#### TASK TO CARRY OUT:
Take the entries that follow and return exactly the lines from the one holding "Download Home sweet" through the one holding "To not to have", both included. Nothing else is needed.

#### SUPPLIED MATERIAL:
====================
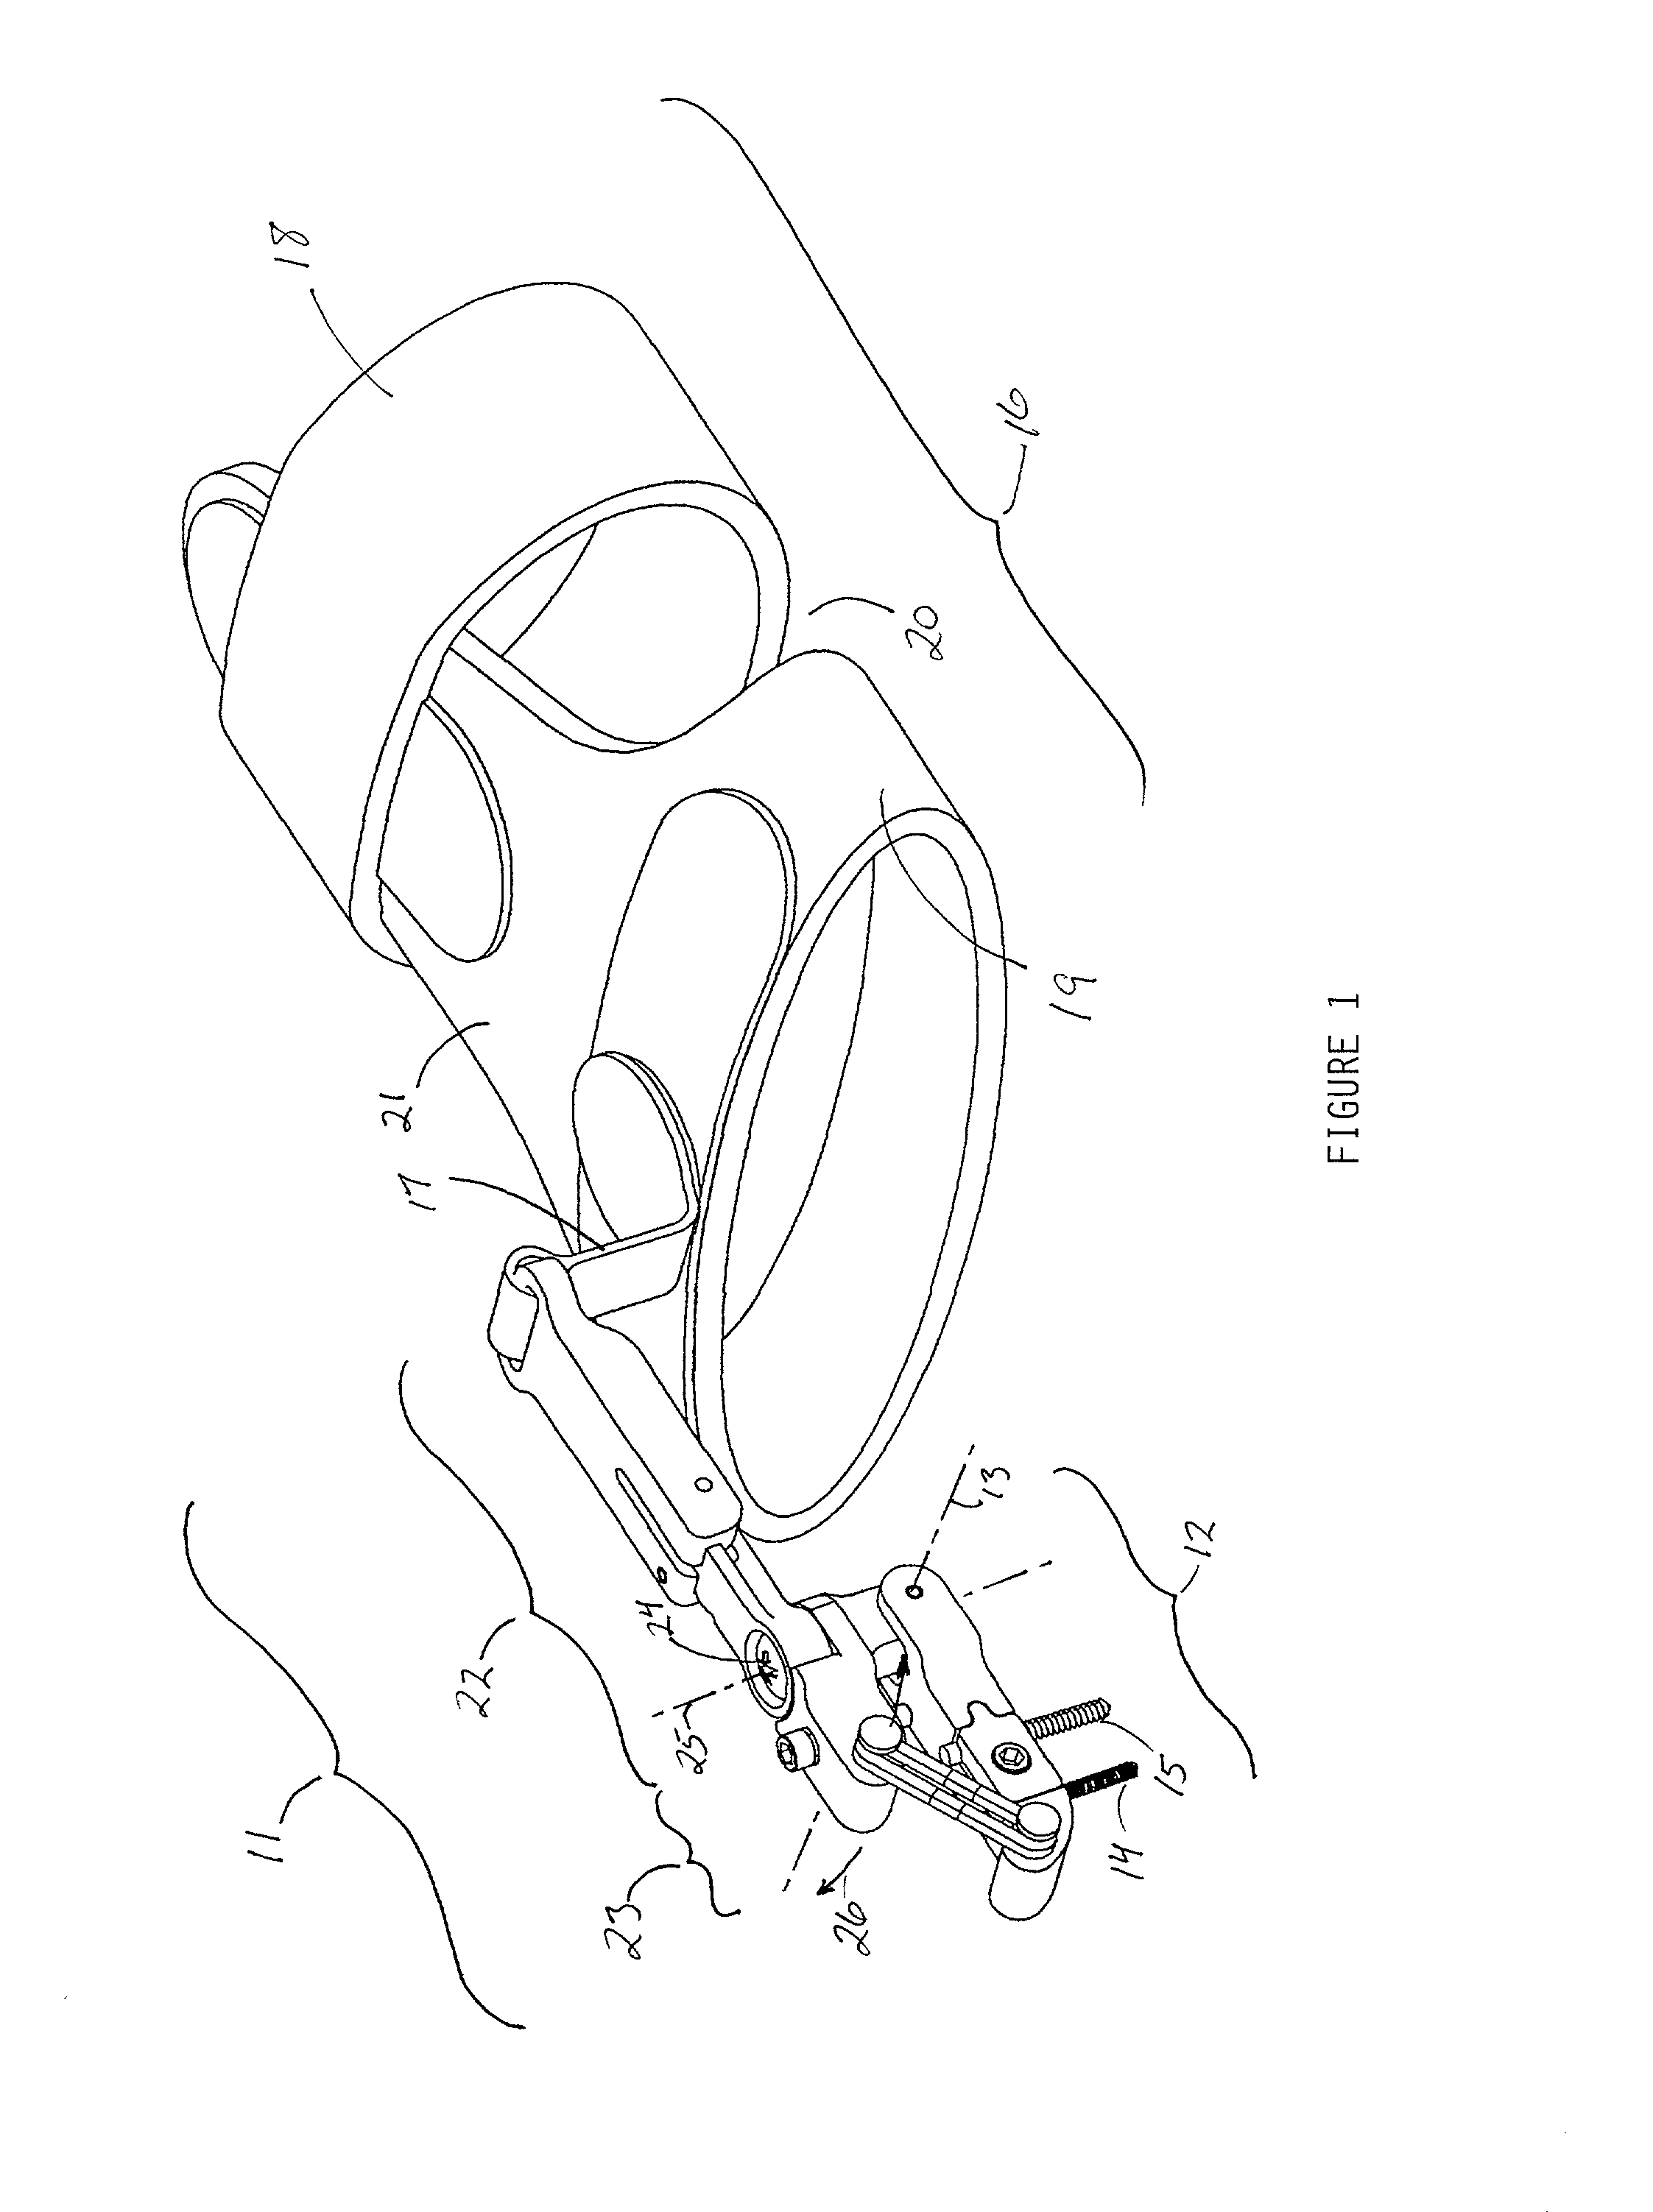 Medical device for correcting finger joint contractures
====================
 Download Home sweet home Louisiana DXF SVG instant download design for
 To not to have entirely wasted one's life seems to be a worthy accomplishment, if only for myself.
====================
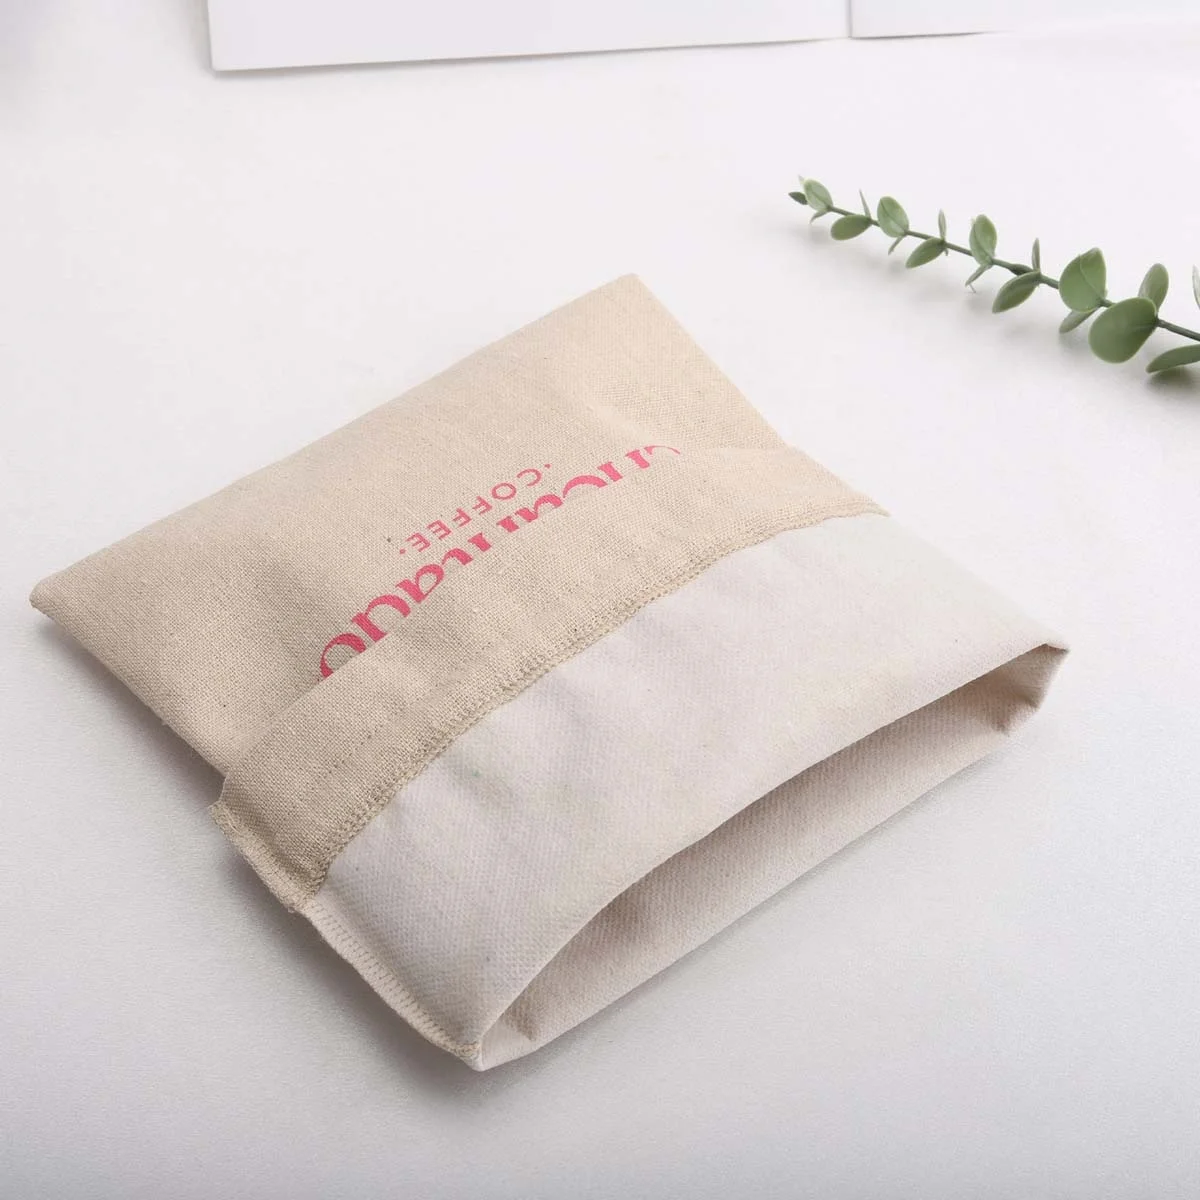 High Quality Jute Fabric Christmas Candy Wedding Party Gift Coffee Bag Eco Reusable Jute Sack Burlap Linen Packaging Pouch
====================
#### WRITTEN RESPONSE:
 Download Home sweet home Louisiana DXF SVG instant download design for
 To not to have entirely wasted one's life seems to be a worthy accomplishment, if only for myself.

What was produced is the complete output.